Tuesday, May 20, 2008

LOUISVILLE, Kentucky (AFP) - Hillary Clinton scored a consolation win in today’s Kentucky primary, but Barack Obama remained on course to surpass a milestone toward the Democrats’ White House nomination.

Television networks projected the former first lady would be the big winner in the bourbon and horseracing state of Kentucky, whose blue-collar voters and older women formed the same kind of pro-Clinton coalition seen in other states.

Fox News said the New York senator had beaten her rival from Illinois by a margin of two to one in Kentucky. CBS said it was a “substantial” win. Clinton picked up at least 33 delegates in Kentucky, with four still to be awarded, according to an analysis of election returns by The Associated Press. Sen. Barack Obama won at least 14.Photobucket Hillary Clinton vowed to see every vote counted in the Democratic presidential race, despite admitting she faced a “tough odds” fight to beat front-runner Barack Obama.In a victory speech after winning the Kentucky primary, the former first lady signaled she would carry on fighting through the final three nominating contests, to the end of the nominating calendar on June 3.

But Obama was tipped to take the liberal western state of Oregon, where voting was ending at 0300 GMT tommorow, and clinch a symbolic majority of elected delegates after nearly six months of Democratic nominating battles.

Asked earlier if she might bow out of the race tonight, Clinton said “not a chance” before heading to a victory rally here.

Obama, cementing his bid to be the party’s champion in November’s election showdown against Republican John McCain, was set for his own rally in Iowa, the scene of his shock win in the first nominating contest.

The Iowa event was to remind Americans “that this was a very unlikely journey that we’ve taken,” Obama told MSNBC, while attacking McCain for offering a “third term” for President George W. Bush.

But fearful of provoking the combative Clinton, the Obama campaign denied it was adopting a triumphalist tone about securing a majority of pledged delegates.

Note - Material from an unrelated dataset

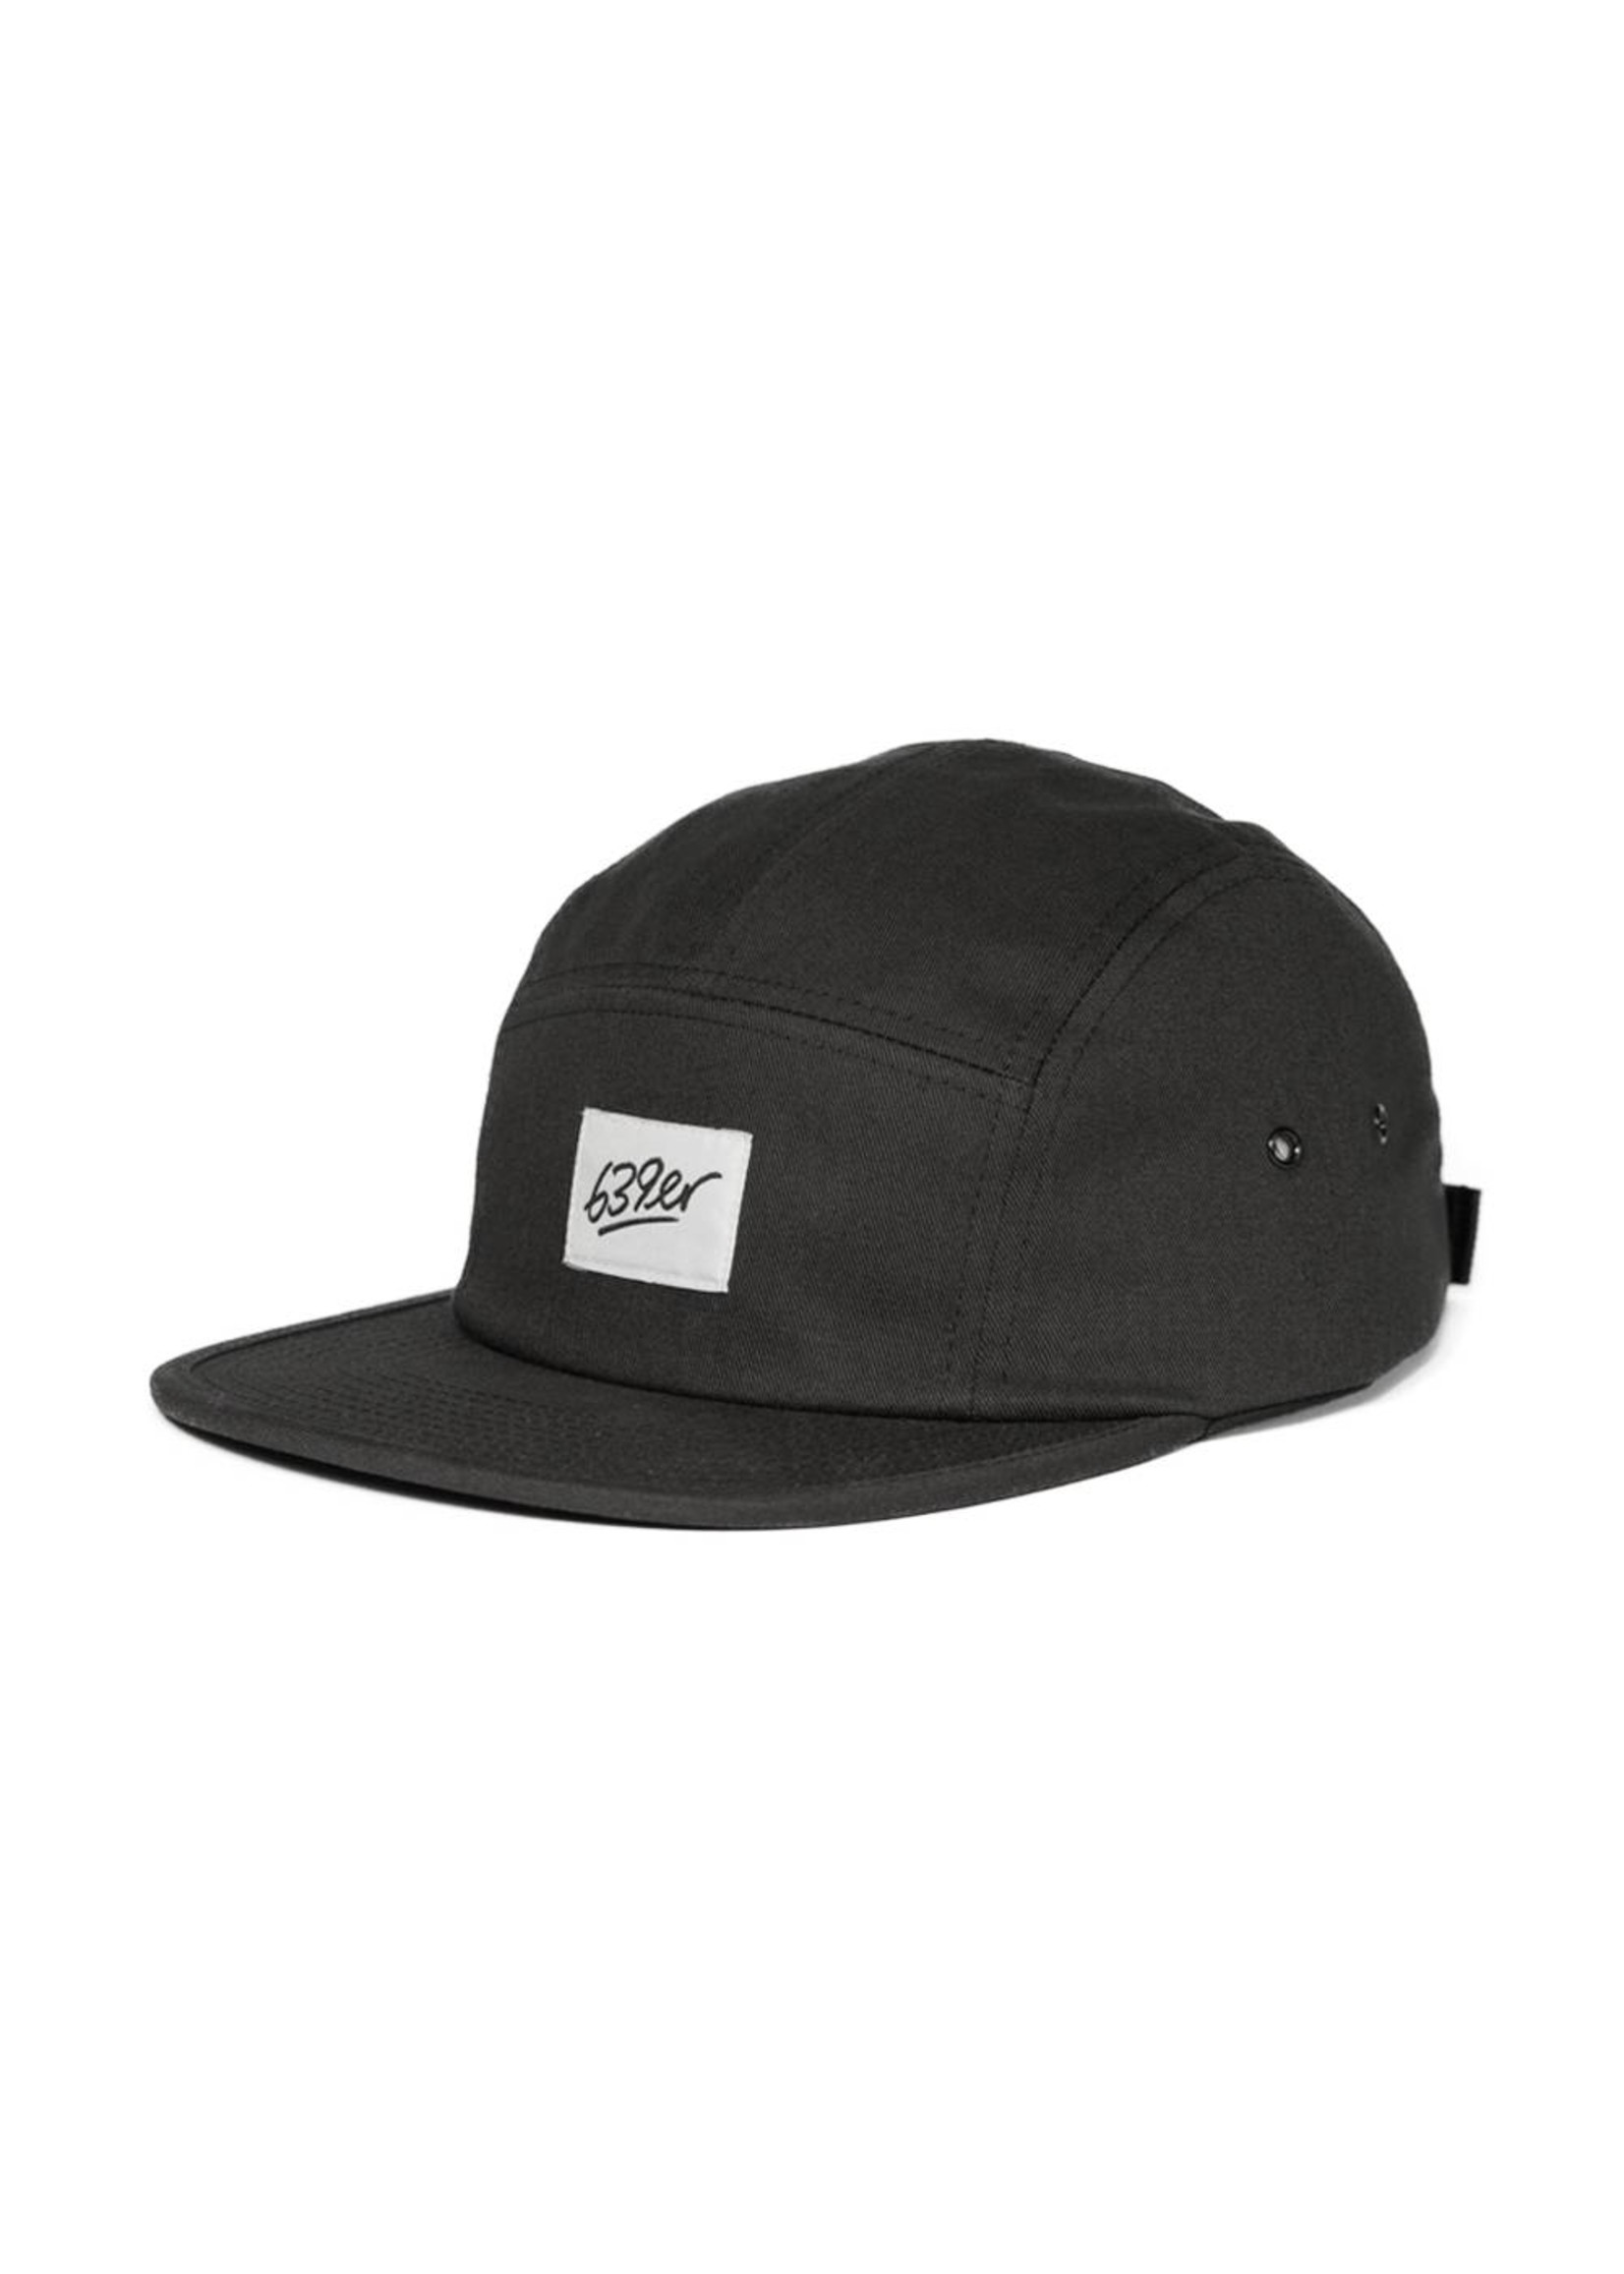 639ER 5 PANEL CAP black

“I just see this as a major step. It’s not the end,” Minnesota’s Obama-backing Senator Amy Klobuchar said on MSNBC after Kentucky was declared for Clinton.

Klobuchar dismissed Clinton’s argument that Obama would struggle with white working-class voters against McCain.

“The more people see Barack Obama… the better we’re going to do with the voters and the people of this country,” she said.

But Clinton’s campaign chairman, Terry McAuliffe, said the Kentucky outcome was enough to give superdelegates reason to doubt Obama’s capacity to win against McCain in November.

“Everybody keeps saying it’s over, but Hillary Clinton keeps winning in purple states,” he said, referring to swing states that are a mix of Republican red and Democratic blue.

“Every single poll we have seen shows Hillary Clinton beating John McCain.”

According to RealClearPolitics.com, Obama had 1,610 pledged delegates heading into Tuesday’s primaries, just 17 short of a majority on the final stretch before the Democratic primary campaign ends on June 3.

With party elders known as “superdelegates” thrown in, the independent website said he had 1,915 delegates in total — so he needed 110 more to reach the ultimate winning line of 2,025.

A total of 103 delegates was up for grabs in Oregon and Kentucky.

McAuliffe turned to no lesser an authority than Karl Rove, Bush’s long-time counselor and a hate figure for most Democrats, to burnish his arguments about electability.

An electoral map prepared by Rove’s consulting firm and leaked to the press showed Clinton beating McCain easily in November. The race with Obama as the Democratic nominee was suggested to be much tighter.

But that contention, and Clinton’s claim that she now leads in the popular vote including disputed primaries in Florida and Michigan, has not cut much ice with superdelegates as more party elders drift towards Obama.

McCain was already anticipating a November faceoff with Obama, using a speech in Miami to savage the Democrat’s Cuba policy, a day after accusing him of a “reckless” misreading of the threat from Iran.

But speaking on CNN, Obama said he would not offer summit talks with Cuba or Iran without preparations by lower-level diplomats beforehand, and reiterated his charge that “Bush-McCain” diplomacy had “failed.”

Both Obama and Clinton were heading to Florida Wednesday. The Sunshine State’s primary results, like Michigan’s, were voided by Democratic bosses over a scheduling row.

Heading to the final contests in Puerto Rico, Montana and South Dakota, Clinton’s hopes hinge in large part on getting the Florida and Michigan delegates reinstated at a Democratic National Committee meeting on May 31.